According to Jennings, the interdisciplinary combination of theology and race has given students access to courses that cover today’s most pressing issues across a wide range of materials and approaches and enabled them make new connections.

“It’s really exciting to have students with us at Divinity School to think about that – the relationship between how we see ourselves beyond race issues, how we imagine how to care for the environment, and whatever other efforts you are aiming at in your studies, to bring all of these elements together – and if we are talking about people of faith, to integrate it into their vision of faith – it is exciting, ”said Jennings.

In addition to her classroom work, Jennings has also had an influence on Divinity School’s diversity, equity, inclusion and belonging initiatives, according to Divinity School Dean Gregory Sterling. Jennings co-chaired an anti-racism task force that helped the school revise its strategic plan for DEIB, Sterling said.

“Willie Jennings is a vital faculty member at Divinity School,” Sterling told The News. “He is a leading intellectual who commands the respect of his peers.
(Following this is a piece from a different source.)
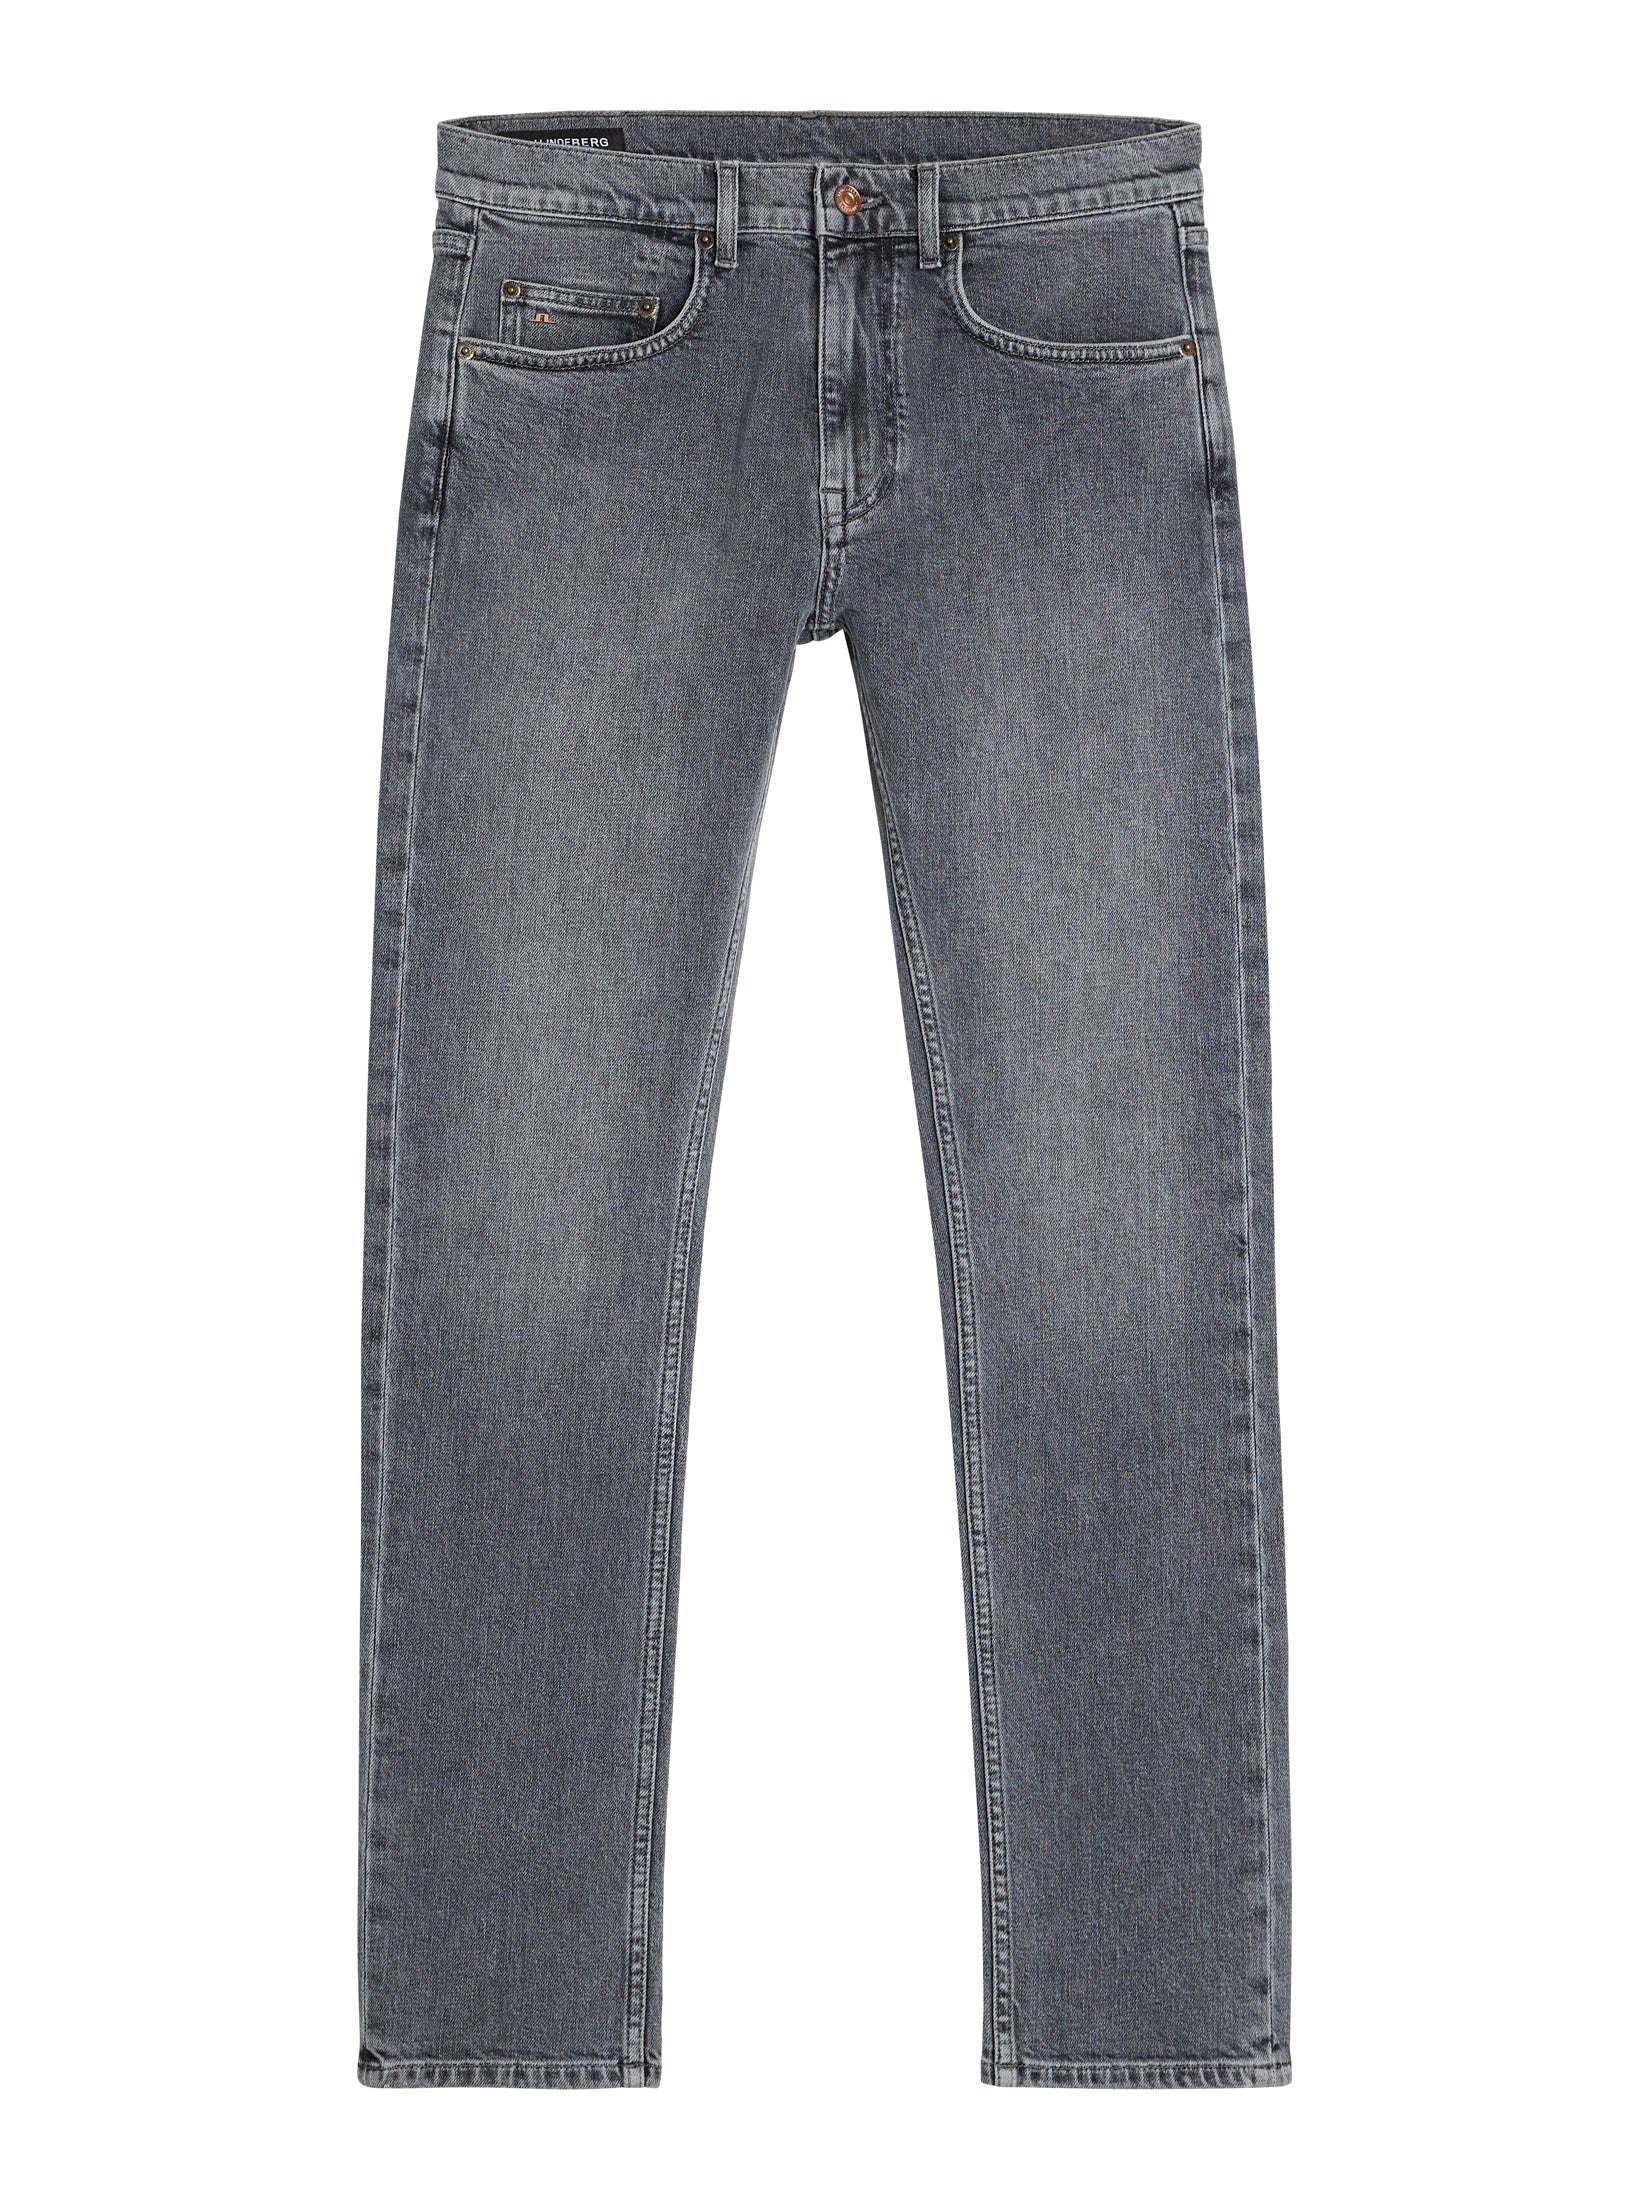 Cedar Greyish Wash Jeans

He is also one of the most visible public intellectuals in our faculty… He is quite simply exceptional.

Jennings’ multidisciplinary approach has given her the opportunity to collaborate with a wide range of faculty, many of whom come from Divinity School and the School of the Environment.

John Grim and Mary Evelyn Tucker, co-founders of the Yale Forum on Religion and Ecology and professors at the Divinity School and the School of the Environment, have spent much of their careers making similar multidisciplinary connections with Jennings. According to Tucker, the couple have collaborated with Jennings on several occasions and, through their work, have formed a strong relationship with the wider interdisciplinary movement.

John Grim noted that Jennings represents more than her research through her outspoken role in the theological community.

“From the start when we met Willie, we recognized and shared with him a joy and a hope, and that he is a smart spokesperson for that joy and for hope,” said Grim.

Willie Jennings will be teaching a class called Body and Land in the spring.